As part of the project, they have collected 630 soil cores (90 cores at each of the seven properties). The meter-deep cores were transported in cold storage to a lab where soil bulk density and soil carbon were determined at 5 cm intervals along each core using spectrometry and laboratory measurements.
‘Monitoring soil carbon is very complex’, says Rob, ‘but we have observed that roughly half of the soil carbon can be below 30 cm, and the changes that happen in the 30-120 cm are more resilient to periods of drought and other adverse conditions than in the top 30 cms’. However, the NSW DPI team also cautions that carbon at this depth can not easily be changed by management.
Rob continues, ‘While most data looks at soil carbon in the top 10 cm, the soil carbon in this top layer can be susceptible to adverse conditions; with this project data we will be able to demonstrate the degree to which it is possible to store carbon at depth in places like the rangelands.’
While the spectrometry method used by CarbonLink is an approved method for soil carbon farming projects, the Rangelands Living Skin project is not a registered project.

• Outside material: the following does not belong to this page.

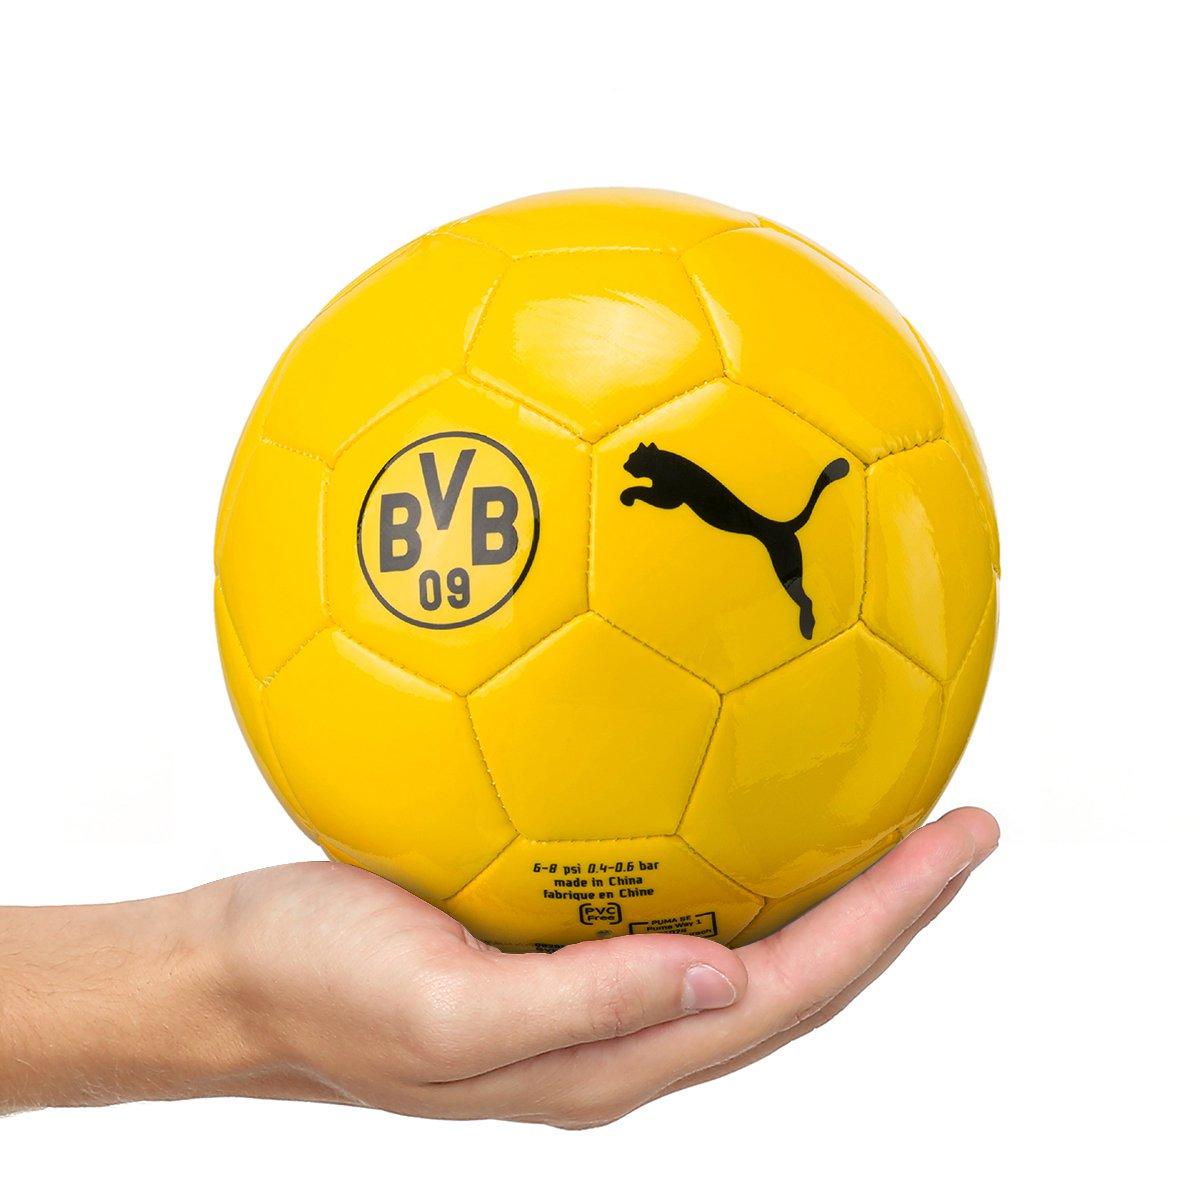 Mini Bola de Futebol Campo Infantil Puma Borussia Dortmund Graphic -  Amarelo - Compre Agora  2c76f628a5

Rather, it is an inquiry into the current levels of soil carbon in the rangelands, and how soil carbon levels might change with adjustments to management practices.
Two of the producers involved in the Rangeland Living Skin project were previous Soils for Life case studies, and have been adjusting their practices for years. Another two of the producers have had soil carbon baseline measurements undertaken as part of a previous NSW DPI research study.
Taking soil cores
Processing the soil samples and interpreting the data in conjunction with the above ground observations will take up to six months. The project team expects this holistic approach to analysis will provide a useful baseline of information. The results from the project could be revisited in the future to determine changes in soil carbon over time.
In the meantime, the project team will undertake satellite imagery analysis, as part of their ‘above ground observations’. Using historical remote sensing data, the team will assess the above ground total biomass and ground cover from the locations where the soil cores were collected
across a longer timeframe, and its relationship with soil carbon and grazing management.
Recognising that above ground biomass is influenced by seasonal patterns, and that soil carbon sequestration is a slow process, the team are keen to learn whether satellite imagery can be used to predict soil carbon from on-ground plant biomass measurements. If so, image analysis could become an efficient and affordable method of estimating soil carbon to support the necessary but more costly process of undertaking field work.
Bringing all the perspectives together
This monitoring is only part of the inquiry into the impacts of management changes in the Rangeland Living Skin project. The project will also look at other holistic indicators of change, including economic performance, and changes in knowledge, skills, and practices in relation to land management and livestock production.